Start of AVAILABLE DATA
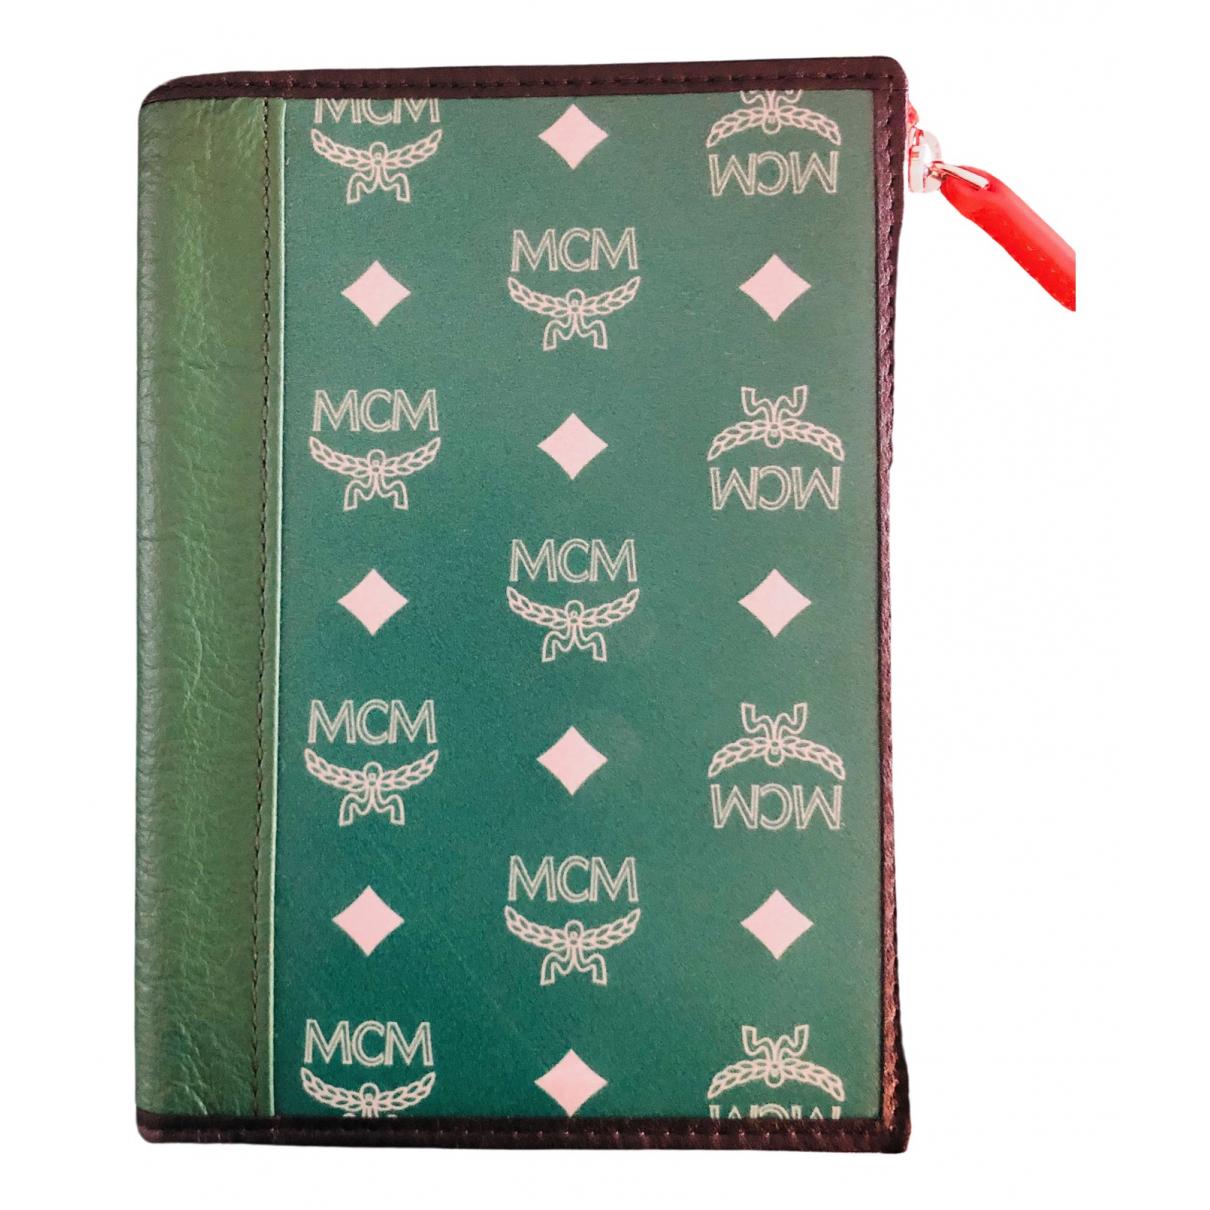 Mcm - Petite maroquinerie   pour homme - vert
End of AVAILABLE DATA
Start of AVAILABLE DATA
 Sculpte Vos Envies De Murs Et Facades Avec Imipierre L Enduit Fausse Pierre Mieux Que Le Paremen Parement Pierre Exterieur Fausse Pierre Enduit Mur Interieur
End of AVAILABLE DATA
Start of AVAILABLE DATA
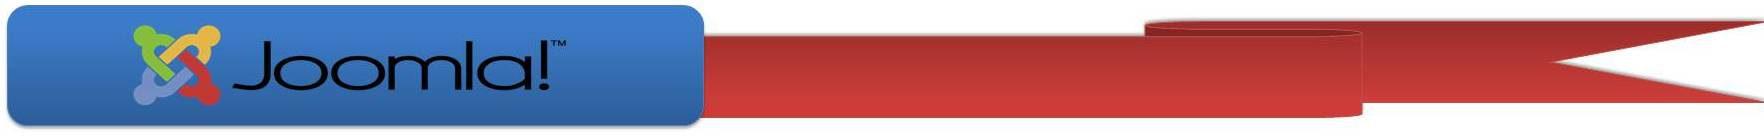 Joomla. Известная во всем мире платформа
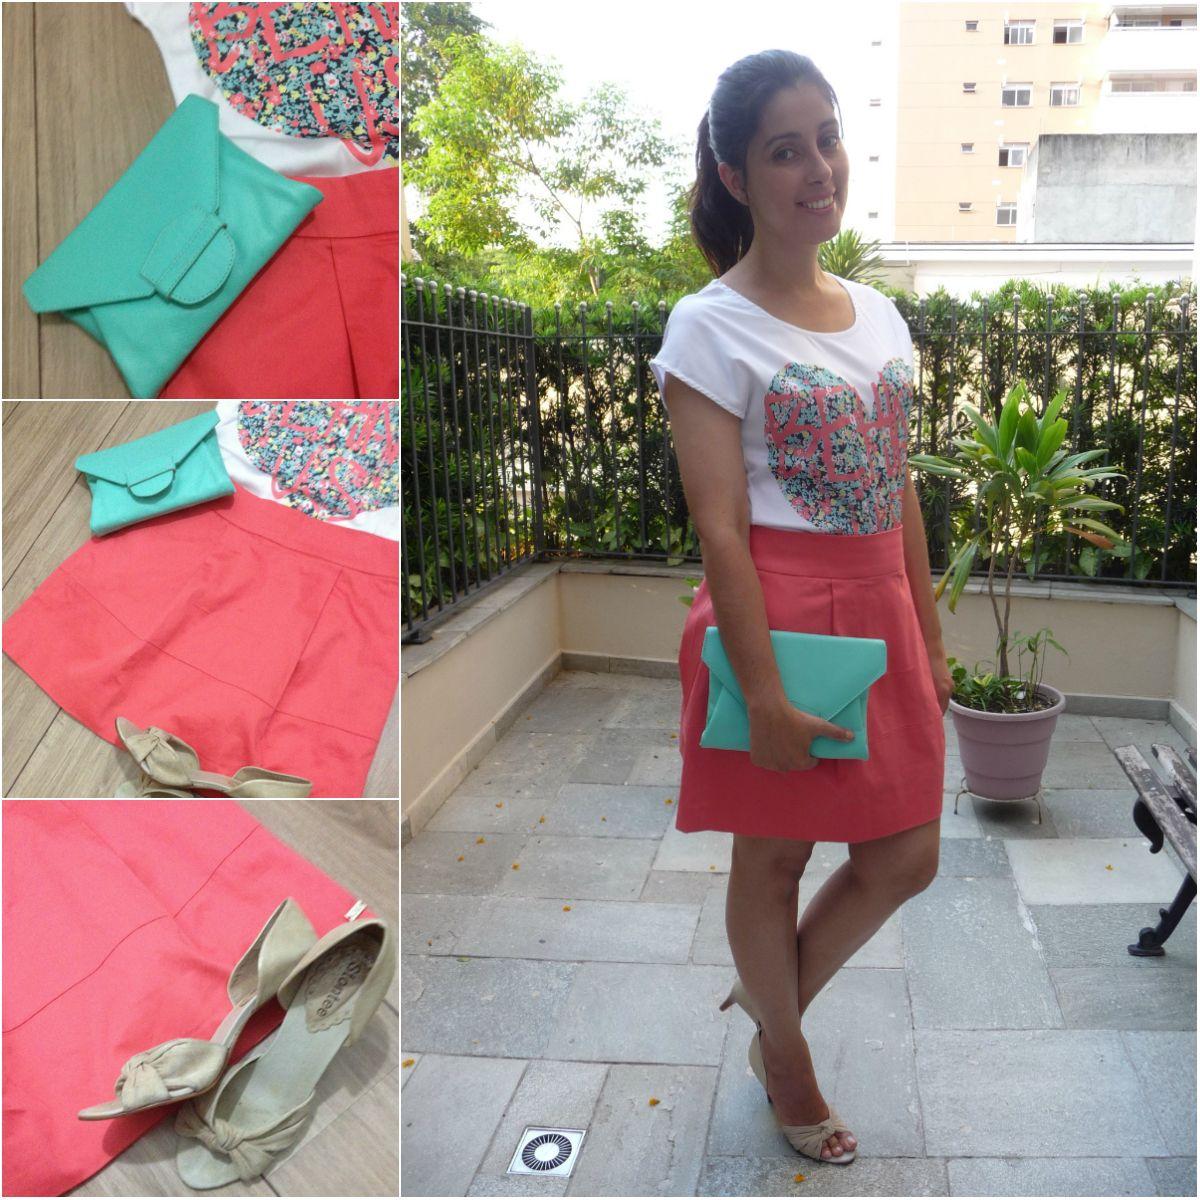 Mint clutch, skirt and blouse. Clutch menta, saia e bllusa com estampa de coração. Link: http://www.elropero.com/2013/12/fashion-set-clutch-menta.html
End of AVAILABLE DATA
In the records above, find the line containing "Joomla. Известная во всем мире платформа" and the line containing "Mint clutch, skirt", then give both of them again word for word along with every line between. Omit any pictures.

 Joomla. Известная во всем мире платформа
 Mint clutch, skirt and blouse. Clutch menta, saia e bllusa com estampa de coração. Link: http://www.elropero.com/2013/12/fashion-set-clutch-menta.html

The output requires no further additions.